Ministry: A Gift I Give That Changes Me

Ministry: A Gift I Give That Changes Me

“You’re pretty comfortable here, Trish,” I was told Saturday night when I visited the prison for Mass.

“Yeah,” I said, “It is almost like I live here.”

This comment was coming from a prisoner who had poked fun at me weeks earlier for how shy I seemed while helping with the prison retreat. While I didn’t think I was quite as reserved as he claimed, I would definitely agree that I have grown more and more comfortable in prison as time has passed. In fact, the most nervous I felt all night was when I walked alone in the dark from the prison building to my car. And as it happened, I had to laugh. I had spent a couple hours in prison without a care and my biggest concern was about someone not in prison. It made sense and yet the oddness of the situation was not lost on me.

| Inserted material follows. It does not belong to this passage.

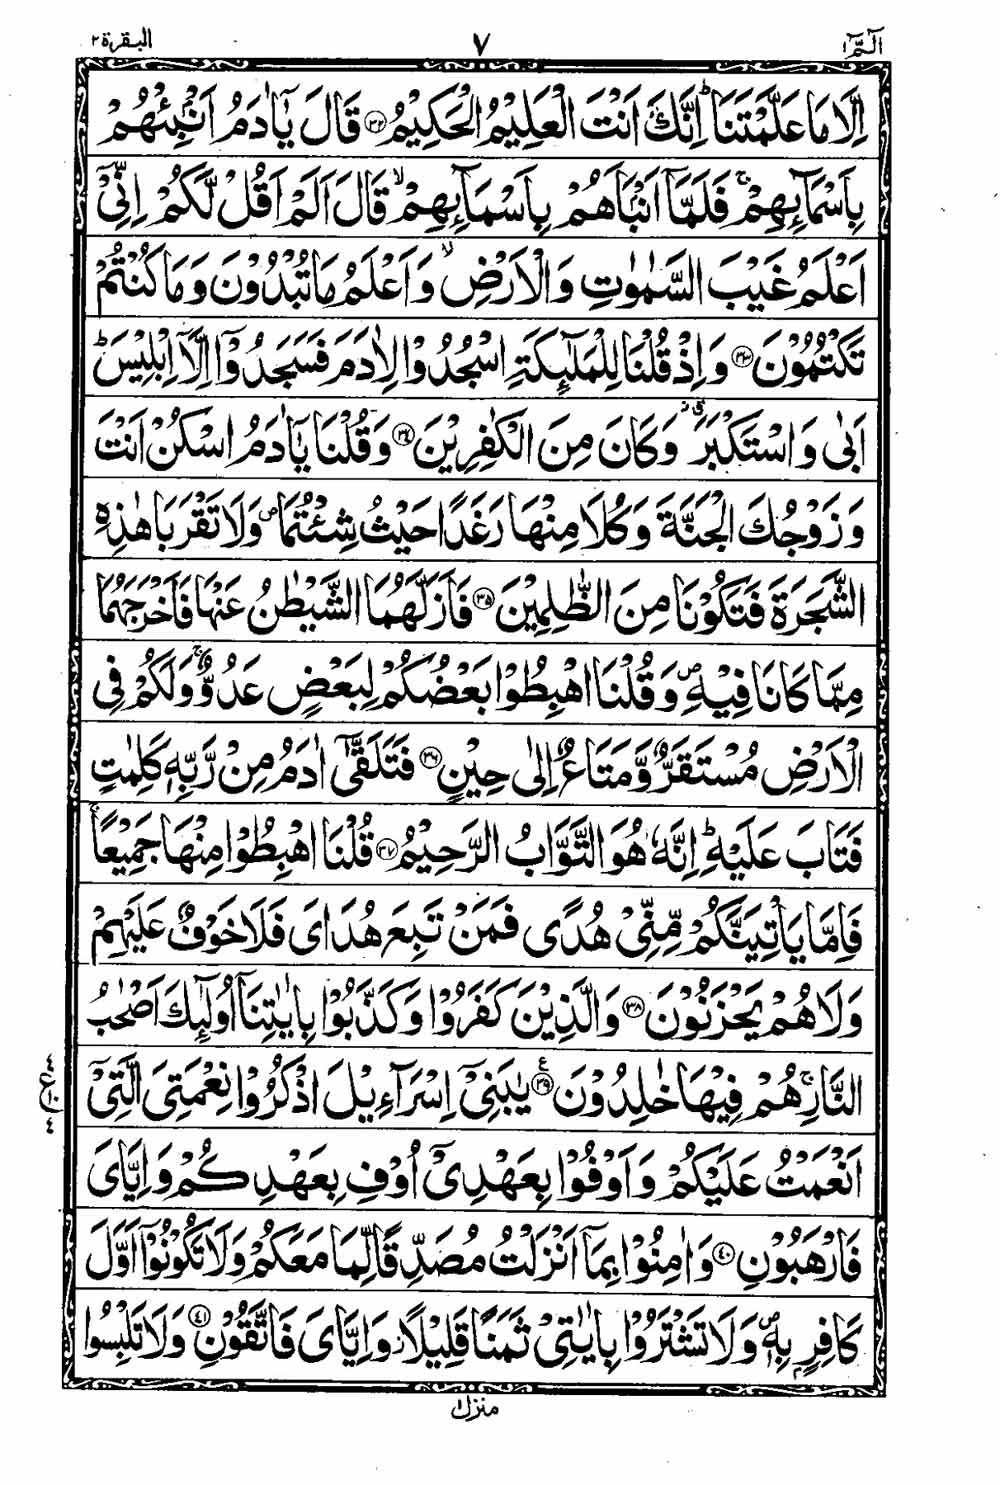 Read 16 Lines Al Quran Taj Company Part 1 Page No 8, Practice Quran

Recently, I was talking with a friend about prison ministry. I told him that it felt strange to tell people I was involved with it because I don’t really feel like I’m doing that much. I attend a Bible study in the prison one night a week and I try to visit both prisons for Mass on Saturdays. Sometimes good conversations happen and other times I seem to be just one of the crowd. He reminded me that often that is what ministry actually involves: just being present to others. But I realized in that conversation that while I am not convinced that I have impacted anyone in prison, I know that my heart has been moved through this ministry.

What if that is enough?

In ministry that so deeply concerns the conversion of the heart, there is an indifference one must have toward seeing the fruits displayed. Obviously, good ministry will bear fruit, but so often we fill the role of scattering seeds and someone else is the one who helps with the harvest. We want to see people respond and we want to frequently evaluate what we are doing or how we could be more effective. But conversion is quite often the slow work of God in the soul, something formed through various conversations with others or different experiences. I’m convinced that we will only know the impact the Lord has made through us once we are with Him in Heaven. Considering my overabundant human pride, that might not be a bad thing, even if it causes me to wonder if I’m doing anything productive in anyone’s life.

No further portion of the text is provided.